The Sweetbriar Nature Center is a 54 acre preserve located at Landing Avenue and Eckernkamp Drive in Smithtown. It is owned by the town of Smithtown and leased to the Environmental Center of Smithtown-Setauket, whose mission is to "provide natural science education services for Long Island residents of all ages and to engage in native wildlife rehabilitation services".
Sweetbriar is a former working farm that was donated to the Town of Smithtown and The Nature Conservancy by Edith Blydenburgh. It features some very pleasant trails through north shore woods bordering on the Nissequogue River.
In addition to the woodlands, Sweetbriar includes some well maintained gardens, various wildlife enclosures and an aviary where injured birds can stretch their wings while being rehabilitated.
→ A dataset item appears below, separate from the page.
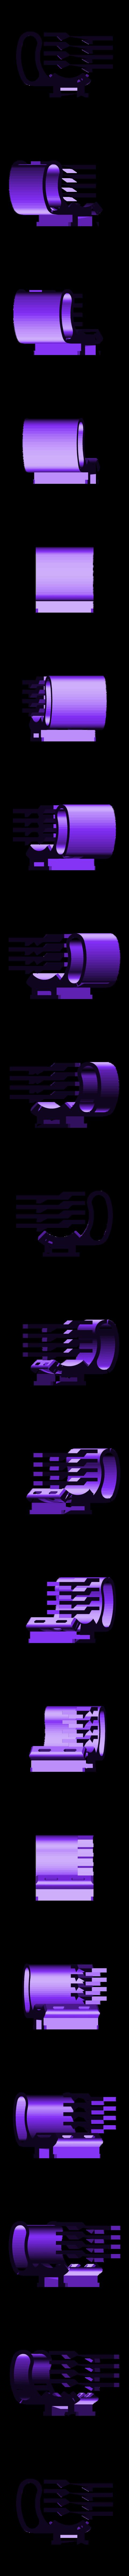 adapter_pcmini_bundler.stl Télécharger fichier STL gratuit Support de tige de vélo Snap-fit pour Anker PowerCore 5000 / PowerCore+ mini • Design imprimable en 3D, CyberCyclist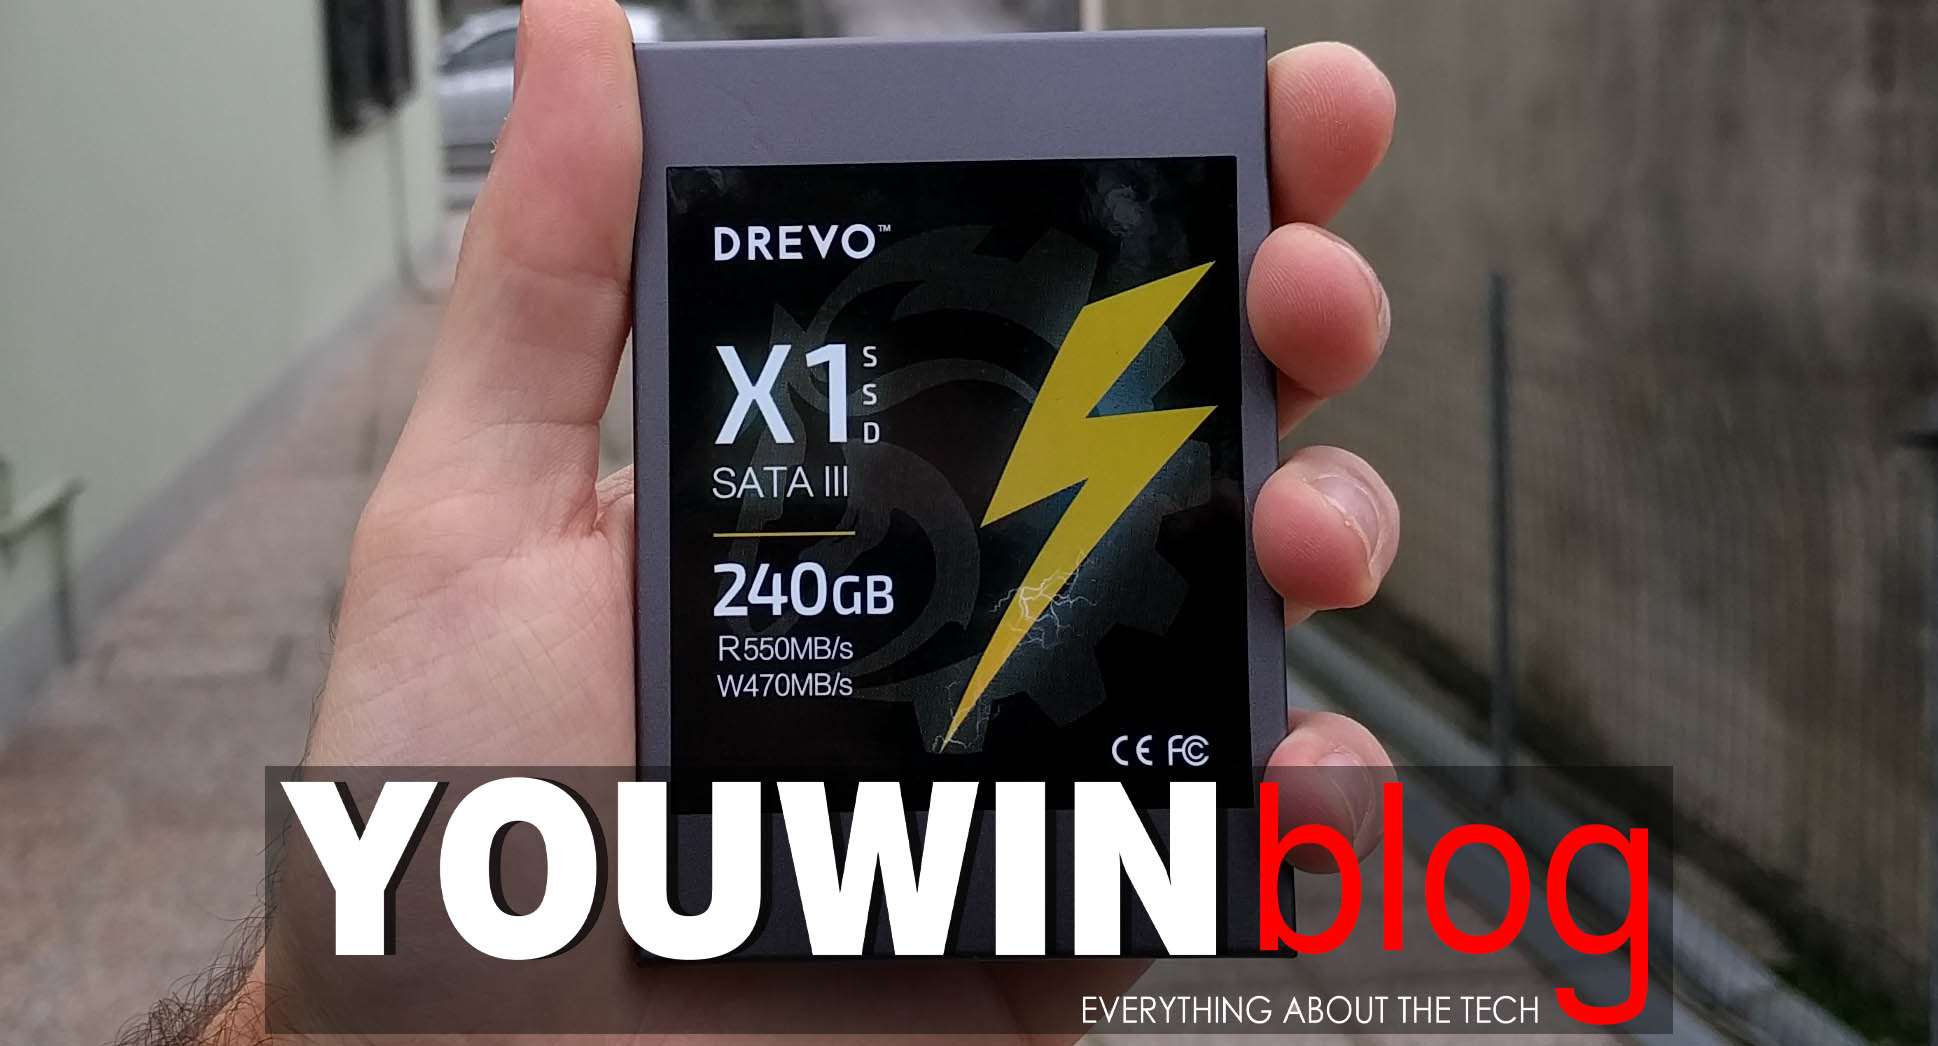 SSD Drevo X1 SATA III – 240GB

A popular attraction during the warmer months is the butterfly house, known as a Vivarium, where many species of native butterflies can be seen. There is a small fee charged to enter the Vivarium. Some old fields on the property are periodically mowed to prevent forest regeneration and provide meadow habitat for various bird and other species.
Sweetbriar is a good place to introduce children to short enjoyable hikes and keep them interested while viewing the animals housed on the property. Sweetbriar is funded mostly though membership fees and revenue from the educational programs that they conduct. There are a number of excellent programs for children throughout the year. There are no visitor fees (except for the Butterfly House) but visitors may very well be tempted to become members.
The main entrance is on the south side of Eckernkamp Drive via a dirt road framed on one side by a row of tall Eastern Red Cedar. At the end of the road with its own circular driveway is the main house which serves as Sweetbriar’s office and is used for exhibits and displays and is the main venue for educational programs. Turn left before entering the circular drive to reach the main parking area near some smaller structures.
Just to the east of the house are the formal gardens and behind the house is a large lawn surrounded by the various wildlife enclosures. At any one time, temporary residents may include foxes, various species of hawks and owls, vultures, and waterfowl. Many are being cared for while they recover from injuries, but there are a number of permanent residents. A treat for all to view are the two bald eagles that are unable to fly and are permanent residents of Sweetbriar. Another favorite are the diminutive Fennec Foxes, natives of North Africa.
At the back of the lawn, near two enclosures that most recently have housed a fearsome looking pair of Great Horned Owls is a path to access the start of the red blazed self guided nature trail. This is the main trail for touring the preserve and it is marked by red rectangles painted on trees and posts as it traces a ¾ mile loop through open fields and rich north shore woods bordering the Nissequogue River before looping back.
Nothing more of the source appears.